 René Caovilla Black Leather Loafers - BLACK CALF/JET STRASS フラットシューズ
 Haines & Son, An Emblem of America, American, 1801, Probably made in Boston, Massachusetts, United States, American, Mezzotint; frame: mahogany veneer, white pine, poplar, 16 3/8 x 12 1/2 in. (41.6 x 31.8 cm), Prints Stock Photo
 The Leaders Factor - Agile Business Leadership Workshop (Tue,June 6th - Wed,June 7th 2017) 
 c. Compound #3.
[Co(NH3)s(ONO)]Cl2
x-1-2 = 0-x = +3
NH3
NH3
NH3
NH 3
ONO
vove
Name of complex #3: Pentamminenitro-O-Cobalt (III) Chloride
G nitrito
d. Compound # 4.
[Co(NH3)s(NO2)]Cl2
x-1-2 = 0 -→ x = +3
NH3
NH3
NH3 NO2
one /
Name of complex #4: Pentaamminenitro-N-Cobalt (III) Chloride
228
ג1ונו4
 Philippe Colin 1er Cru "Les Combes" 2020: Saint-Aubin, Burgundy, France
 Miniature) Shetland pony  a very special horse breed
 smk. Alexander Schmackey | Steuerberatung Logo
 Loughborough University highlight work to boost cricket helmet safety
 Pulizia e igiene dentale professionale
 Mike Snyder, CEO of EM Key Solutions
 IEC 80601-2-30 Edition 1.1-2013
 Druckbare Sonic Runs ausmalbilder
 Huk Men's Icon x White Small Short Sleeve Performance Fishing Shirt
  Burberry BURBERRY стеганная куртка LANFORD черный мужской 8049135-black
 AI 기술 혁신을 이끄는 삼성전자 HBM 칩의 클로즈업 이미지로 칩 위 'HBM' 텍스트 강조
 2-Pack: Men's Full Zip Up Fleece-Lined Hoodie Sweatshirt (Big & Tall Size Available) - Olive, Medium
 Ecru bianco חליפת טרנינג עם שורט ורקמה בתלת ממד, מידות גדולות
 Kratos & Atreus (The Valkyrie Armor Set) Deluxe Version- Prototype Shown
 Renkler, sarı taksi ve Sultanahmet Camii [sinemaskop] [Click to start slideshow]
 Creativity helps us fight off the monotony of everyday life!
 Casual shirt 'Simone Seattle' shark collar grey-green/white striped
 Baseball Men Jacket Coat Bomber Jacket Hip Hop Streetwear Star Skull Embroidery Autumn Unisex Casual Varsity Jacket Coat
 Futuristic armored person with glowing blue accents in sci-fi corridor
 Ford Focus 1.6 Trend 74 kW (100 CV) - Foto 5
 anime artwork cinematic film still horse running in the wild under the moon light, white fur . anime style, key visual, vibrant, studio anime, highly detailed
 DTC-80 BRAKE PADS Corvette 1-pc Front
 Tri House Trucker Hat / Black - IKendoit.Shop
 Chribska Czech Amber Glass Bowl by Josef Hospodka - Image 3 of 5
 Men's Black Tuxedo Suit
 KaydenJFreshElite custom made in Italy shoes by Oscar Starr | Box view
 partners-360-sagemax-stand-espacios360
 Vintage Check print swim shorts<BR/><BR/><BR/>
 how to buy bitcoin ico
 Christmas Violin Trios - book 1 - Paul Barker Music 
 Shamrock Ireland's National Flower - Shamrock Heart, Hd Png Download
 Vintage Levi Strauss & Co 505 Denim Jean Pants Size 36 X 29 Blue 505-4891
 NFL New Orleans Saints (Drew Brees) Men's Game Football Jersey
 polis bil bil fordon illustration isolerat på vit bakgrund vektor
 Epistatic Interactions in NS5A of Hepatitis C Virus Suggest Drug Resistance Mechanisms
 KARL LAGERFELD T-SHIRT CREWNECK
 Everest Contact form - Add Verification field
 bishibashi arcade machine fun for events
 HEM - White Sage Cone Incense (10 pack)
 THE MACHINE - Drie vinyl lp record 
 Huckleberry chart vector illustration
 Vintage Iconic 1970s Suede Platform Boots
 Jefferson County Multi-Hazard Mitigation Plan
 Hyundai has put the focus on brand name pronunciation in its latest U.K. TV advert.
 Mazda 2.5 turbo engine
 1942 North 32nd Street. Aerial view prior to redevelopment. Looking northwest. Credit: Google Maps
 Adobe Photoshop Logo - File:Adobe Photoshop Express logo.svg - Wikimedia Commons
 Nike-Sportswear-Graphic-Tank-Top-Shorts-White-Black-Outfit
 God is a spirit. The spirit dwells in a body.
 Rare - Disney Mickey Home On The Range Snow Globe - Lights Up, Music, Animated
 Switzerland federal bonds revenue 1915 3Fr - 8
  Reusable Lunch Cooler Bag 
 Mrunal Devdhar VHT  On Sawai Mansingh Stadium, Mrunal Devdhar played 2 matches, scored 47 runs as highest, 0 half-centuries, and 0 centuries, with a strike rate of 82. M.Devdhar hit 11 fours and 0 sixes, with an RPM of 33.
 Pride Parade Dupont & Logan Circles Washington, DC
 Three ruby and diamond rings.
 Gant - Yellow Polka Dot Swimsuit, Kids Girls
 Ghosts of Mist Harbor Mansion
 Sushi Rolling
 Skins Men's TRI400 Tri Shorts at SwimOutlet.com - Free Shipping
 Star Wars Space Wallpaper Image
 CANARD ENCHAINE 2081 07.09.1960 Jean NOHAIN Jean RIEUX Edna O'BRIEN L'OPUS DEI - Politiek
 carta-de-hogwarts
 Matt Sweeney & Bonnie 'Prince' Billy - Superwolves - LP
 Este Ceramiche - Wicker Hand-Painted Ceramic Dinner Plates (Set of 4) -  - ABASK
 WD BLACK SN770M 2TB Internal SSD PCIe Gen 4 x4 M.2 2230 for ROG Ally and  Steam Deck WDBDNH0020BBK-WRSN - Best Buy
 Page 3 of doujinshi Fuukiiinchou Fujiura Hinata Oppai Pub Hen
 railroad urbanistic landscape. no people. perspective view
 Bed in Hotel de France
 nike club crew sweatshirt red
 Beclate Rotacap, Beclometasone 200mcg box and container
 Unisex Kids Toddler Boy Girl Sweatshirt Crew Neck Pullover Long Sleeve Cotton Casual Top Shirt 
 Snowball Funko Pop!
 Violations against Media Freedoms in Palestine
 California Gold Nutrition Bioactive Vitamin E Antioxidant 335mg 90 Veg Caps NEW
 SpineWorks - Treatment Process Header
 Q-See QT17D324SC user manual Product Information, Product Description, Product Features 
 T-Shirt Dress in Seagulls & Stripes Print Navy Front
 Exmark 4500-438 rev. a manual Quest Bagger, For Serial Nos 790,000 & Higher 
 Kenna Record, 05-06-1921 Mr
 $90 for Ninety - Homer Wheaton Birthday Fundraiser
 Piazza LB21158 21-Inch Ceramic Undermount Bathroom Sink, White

========================================

Activity. In the material above, transcribe exactly the lines beginning at the one with "Christmas Violin Trios" and ending at the one with "polis bil bil", both included.

Answer box.
 Christmas Violin Trios - book 1 - Paul Barker Music 
 Shamrock Ireland's National Flower - Shamrock Heart, Hd Png Download
 Vintage Levi Strauss & Co 505 Denim Jean Pants Size 36 X 29 Blue 505-4891
 NFL New Orleans Saints (Drew Brees) Men's Game Football Jersey
 polis bil bil fordon illustration isolerat på vit bakgrund vektor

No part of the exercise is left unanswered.